今回は、スピッツ「おっぱい」について解釈していきたいと思います。

八百屋テクテクのスピッツ記事まとめ、のほうからいらした方は驚いたかもしれませんが、これはエロ注意の喚起がなされていない記事になっています。そうです。この記事はエロくない記事になっています。期待した方はごめんなさい。でも八百屋さんのブログにエロを期待するほうが間違っているのです。そういうものです。逆に、エロが嫌いで、ここはエロいんじゃないかと、おっかなびっくり来た方には、大丈夫ですと申し上げておきたいと思います。どうぞご安心くださいませ。めっちゃ真面目な記事となっております。

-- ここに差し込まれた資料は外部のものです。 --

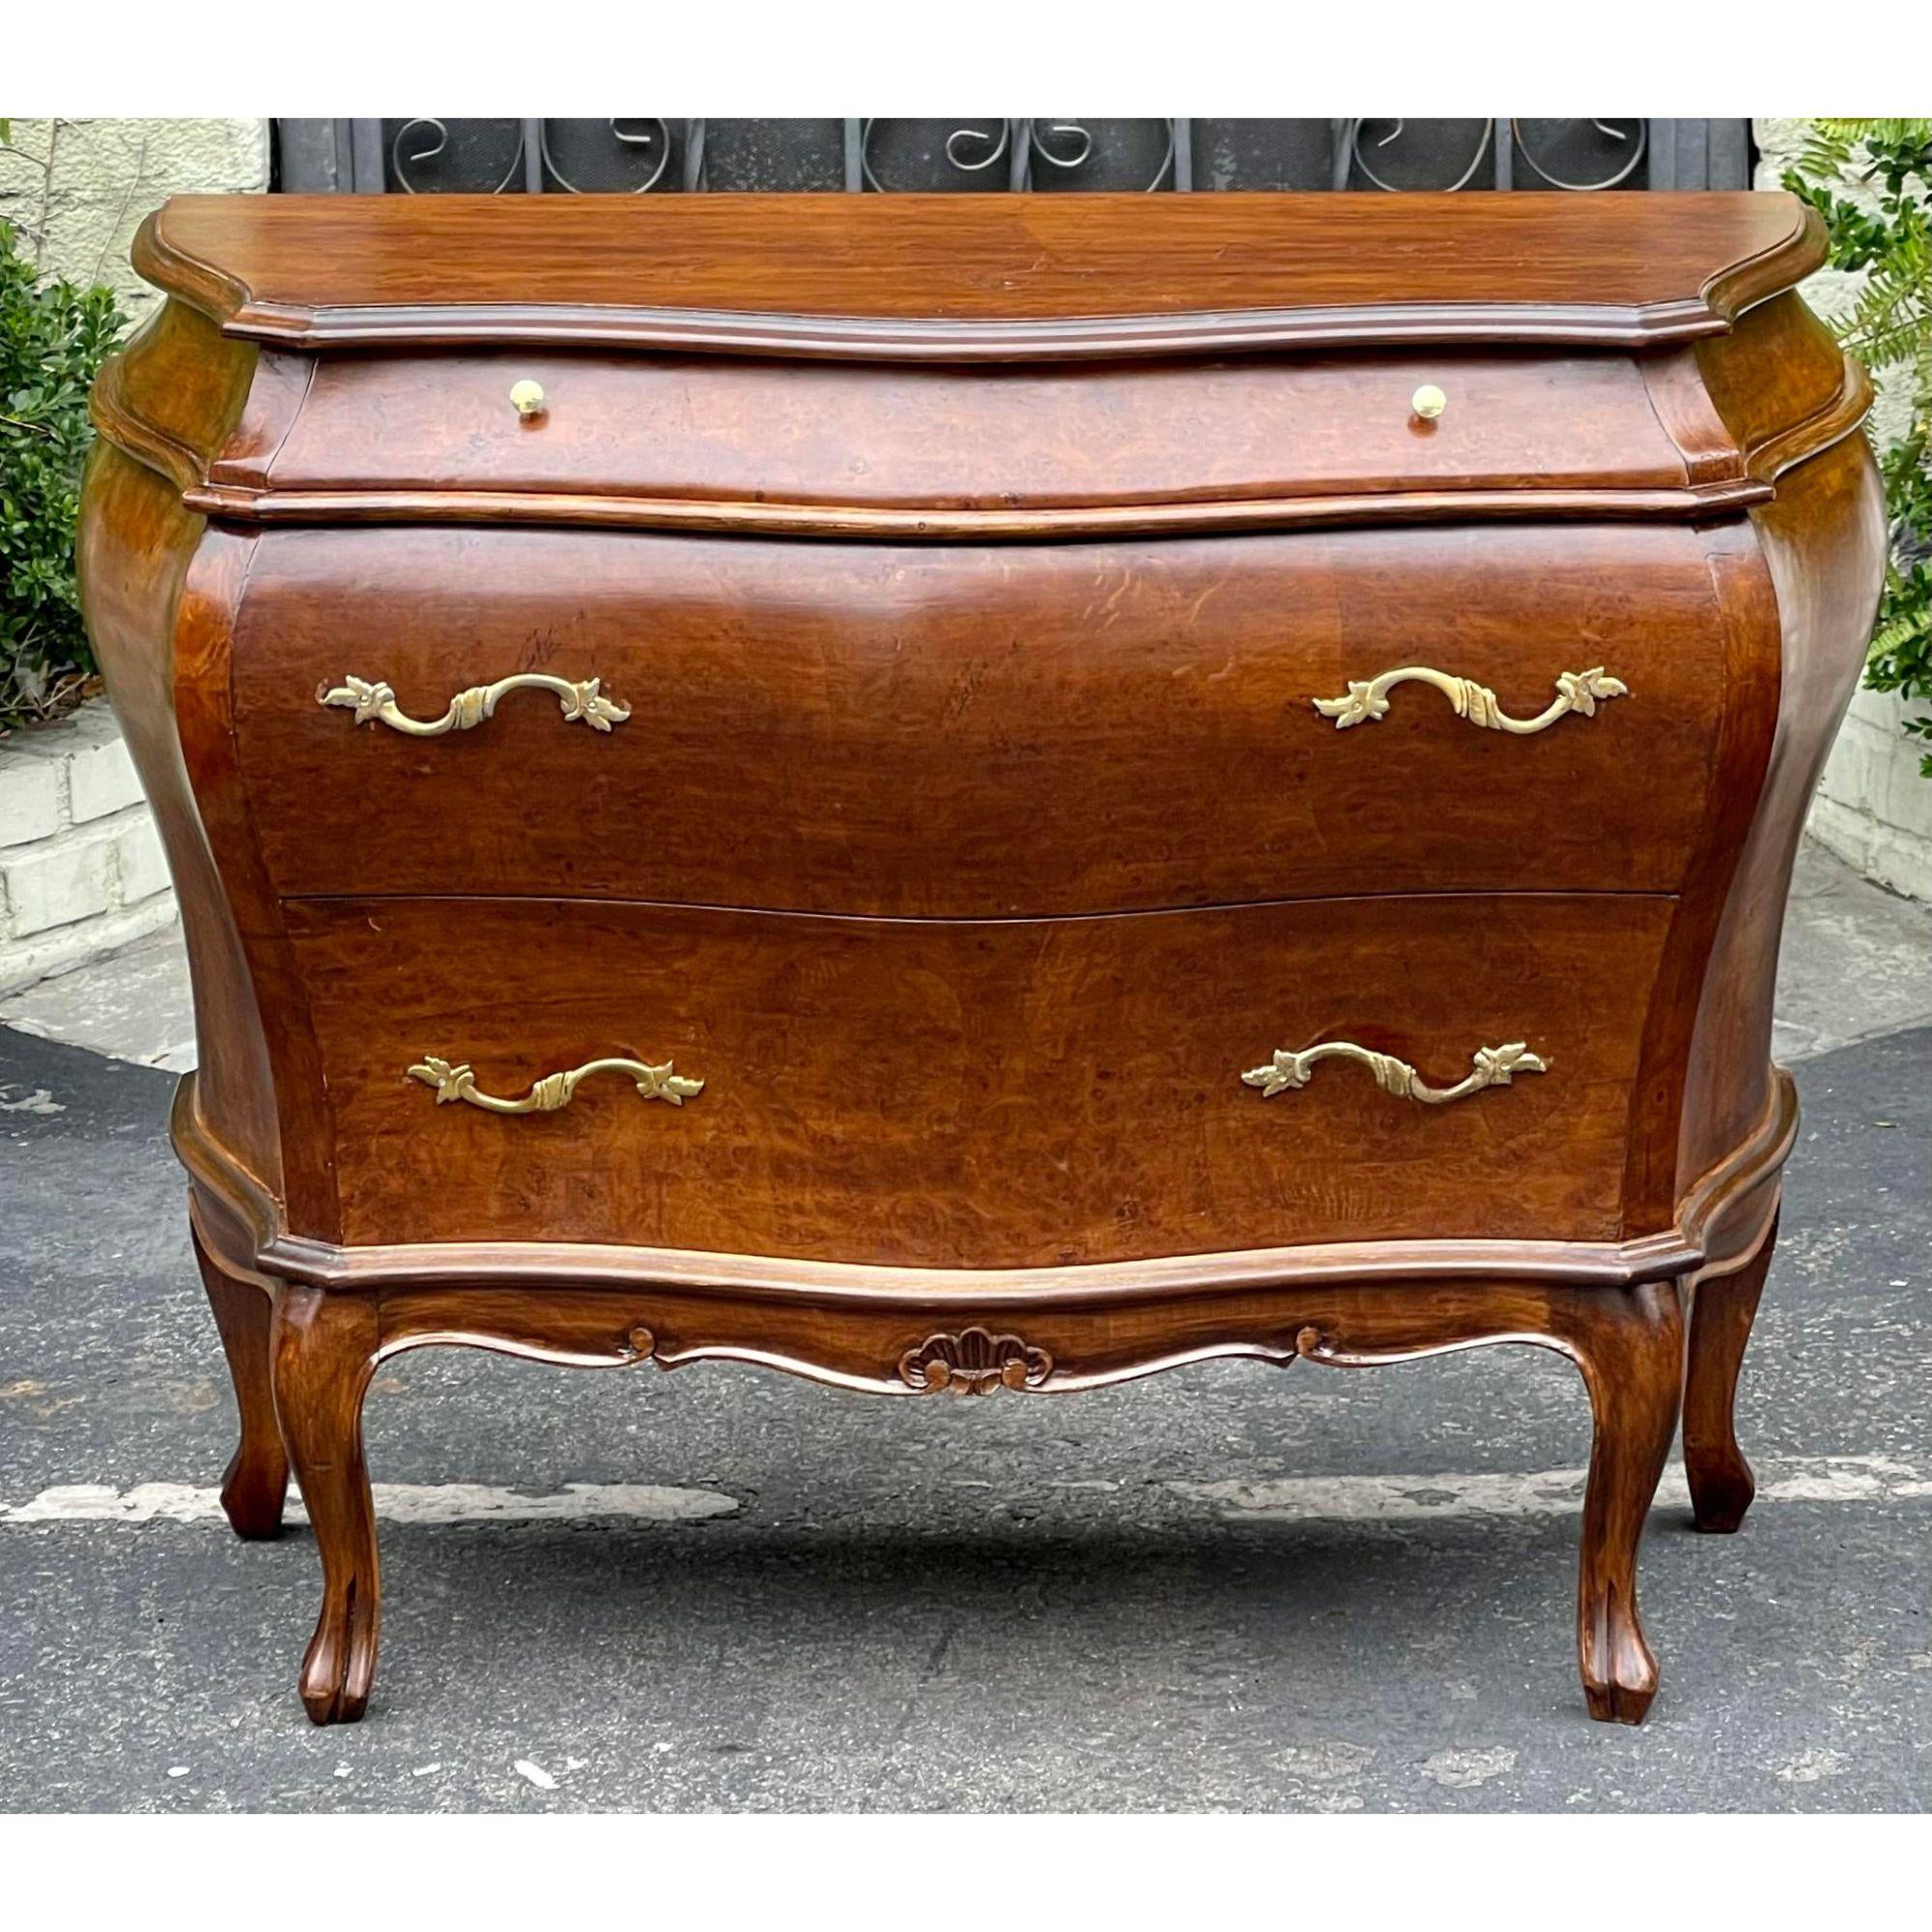 19th C, Style Italian Bombay Burl Walnut Commode Night Stand End Table 1

この曲は、乳房を表す俗語をタイトルにしていることから、「変態ソングだ!!」なんて言われることがあります。が、この八百屋さん的には、まったく性的な曲であるとは解釈しておりません。いたって真面目な曲だと思っています。「変態ソングだ!!」と騒ぎたてるのは、理科の授業で便通の話になった時に「うわー!ウンコだー!」と騒ぎ立てるのと同じです。まったく本質を理解していない話だと思います。

……とまあ、真面目すぎて周囲から孤立してしまう学級委員長みたいなことを言っちゃいましたけど、でもタイトルにあえておっぱいを配置したことや、サビで大声でおっぱいを連呼するようにしたことを踏まえると、やはりマサムネさんは、真面目さを装った変態ムーヴをしたかったのかもしれません。私は八百屋のおっさんなので、もはやどう見られようが全然構わないんですけど、これを年頃の若い女の子が私の解釈を真に受けて「おっぱいは真面目な曲なんです!」などと堂々と主張したとしたら、周囲からへんな目で見られるに違いありません。この曲を作ったマサムネさん本人だって、へんな目で見てくることでしょう。

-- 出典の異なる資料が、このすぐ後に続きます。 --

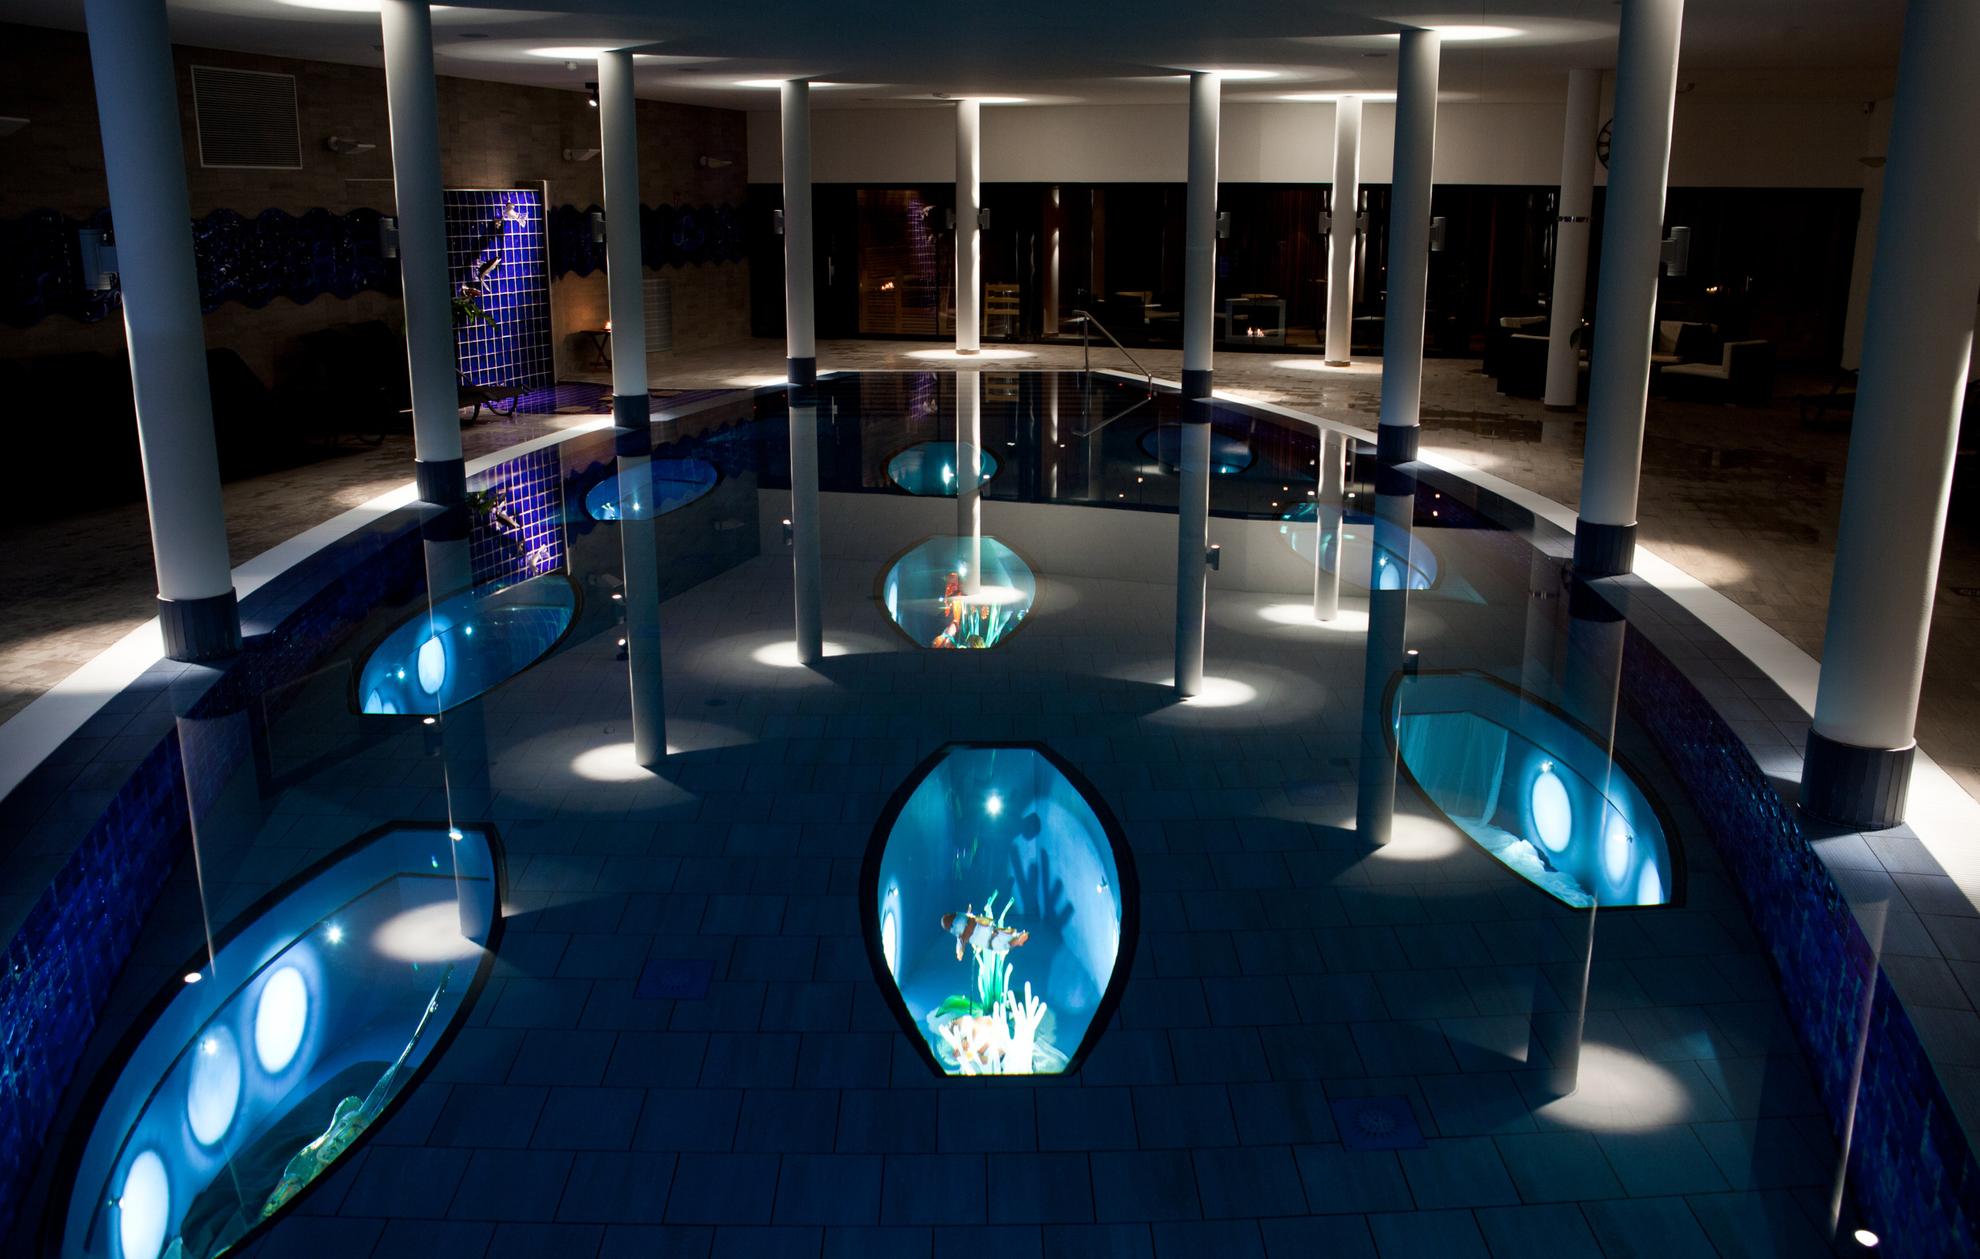 An indoor pool where the light is dimmed. In the pool are illuminated art exhibitions with glass fishes.

このような二面性がある詞であり、いったいどっちに軸足があるのかは、作詞したマサムネさんにしかわからない部分ではあります。でも詞だけを眺めてみると、本当に心がギュッとなることが描かれているので、今回は、その部分についてやっていこうかなと思います。この解釈を知れば、この詞をぐっと好きになれるはずです。なんなら、たとえエロいことがあまり好きではない人だとしても、ひとりで「君のおっぱいは世界一~」と歌いだしたくもなっちゃうはずです。そういう魅力がある曲なのです。

さっそく、詞の中身を順番に眺めていきましょう。




やっとひとつわかりあえた

そんな気がしていた

急ぎ過ぎても仕方ないし

ずっと続けたいな

詞の最初のこの部分です。詞の方向性がわかる、もっとも重要な部分ですが、ここではエロい話をしていないんですよね。エロくない話に見せかけたエロい話なんじゃないかと勘繰ってしまうかもしれませんが、ここは完全に、エロくない話になっています。むしろ、わざとエロ方面にならないよう、言葉を選んでいるような感じもします。

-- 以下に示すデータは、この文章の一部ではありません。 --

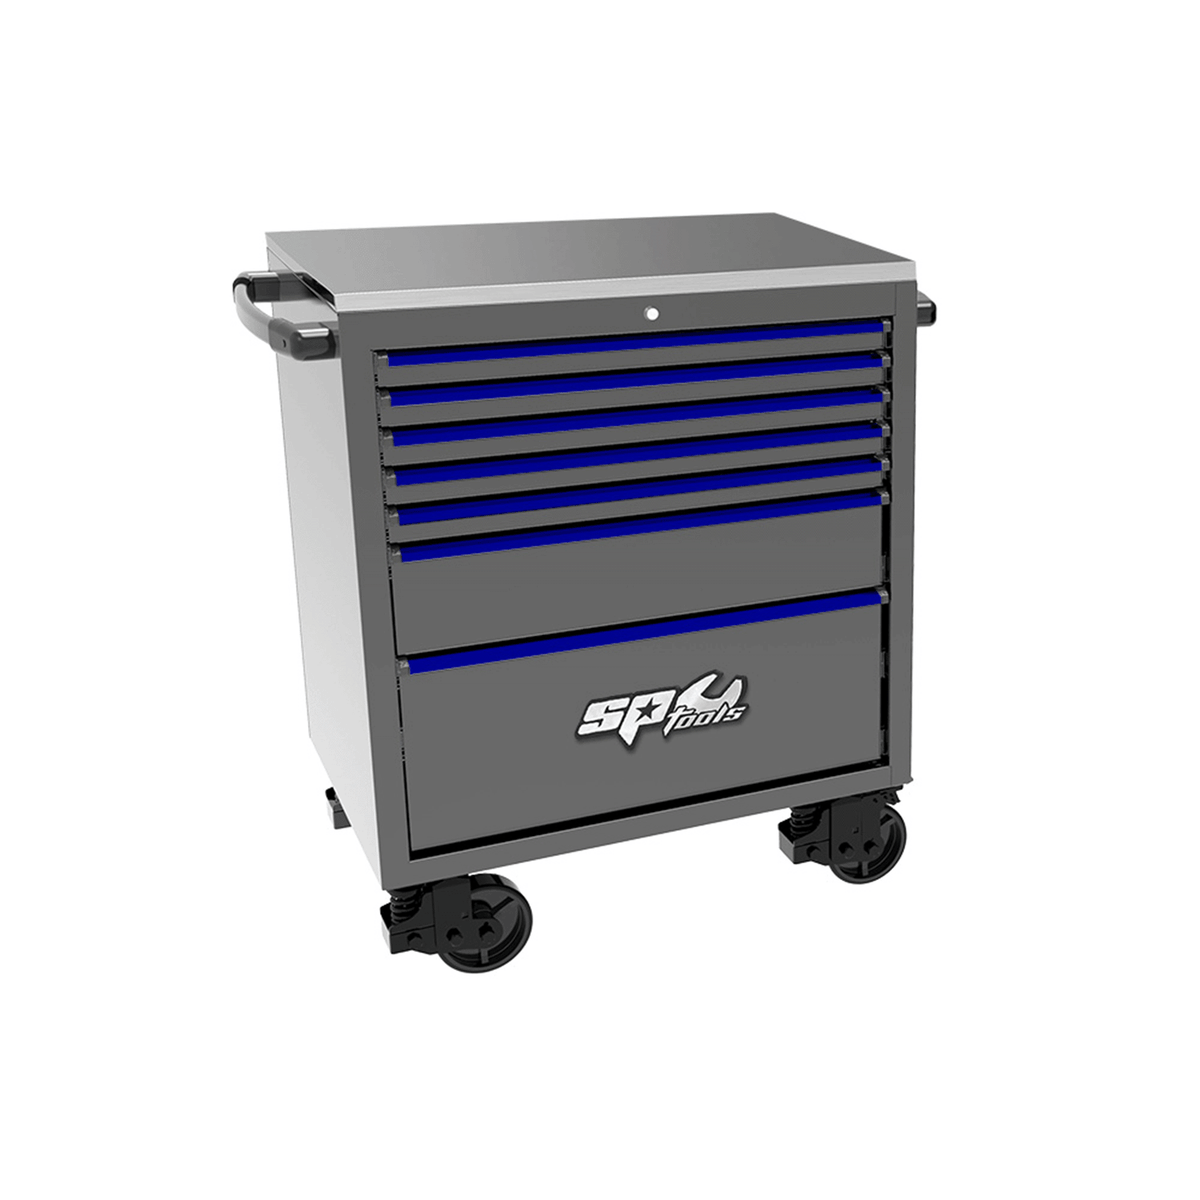  Full Bank Service Tool Cabinet/Cart, 34 inches Wide Storage  Organizer on Wheels Blue : Office Products

ここは、仕事の話をしています。仕事で上司もしくはお取引先様に「うむ。今回の君の仕事ぶりは、まあまあだ。この調子で頑張ってくれたまえ」と、合格を貰えたところだと思います。つらい仕事で、いつも怒られては、泣きながら仕事をしていたけれど、やっとひとつ認められた気がした、という部分なのだと思います。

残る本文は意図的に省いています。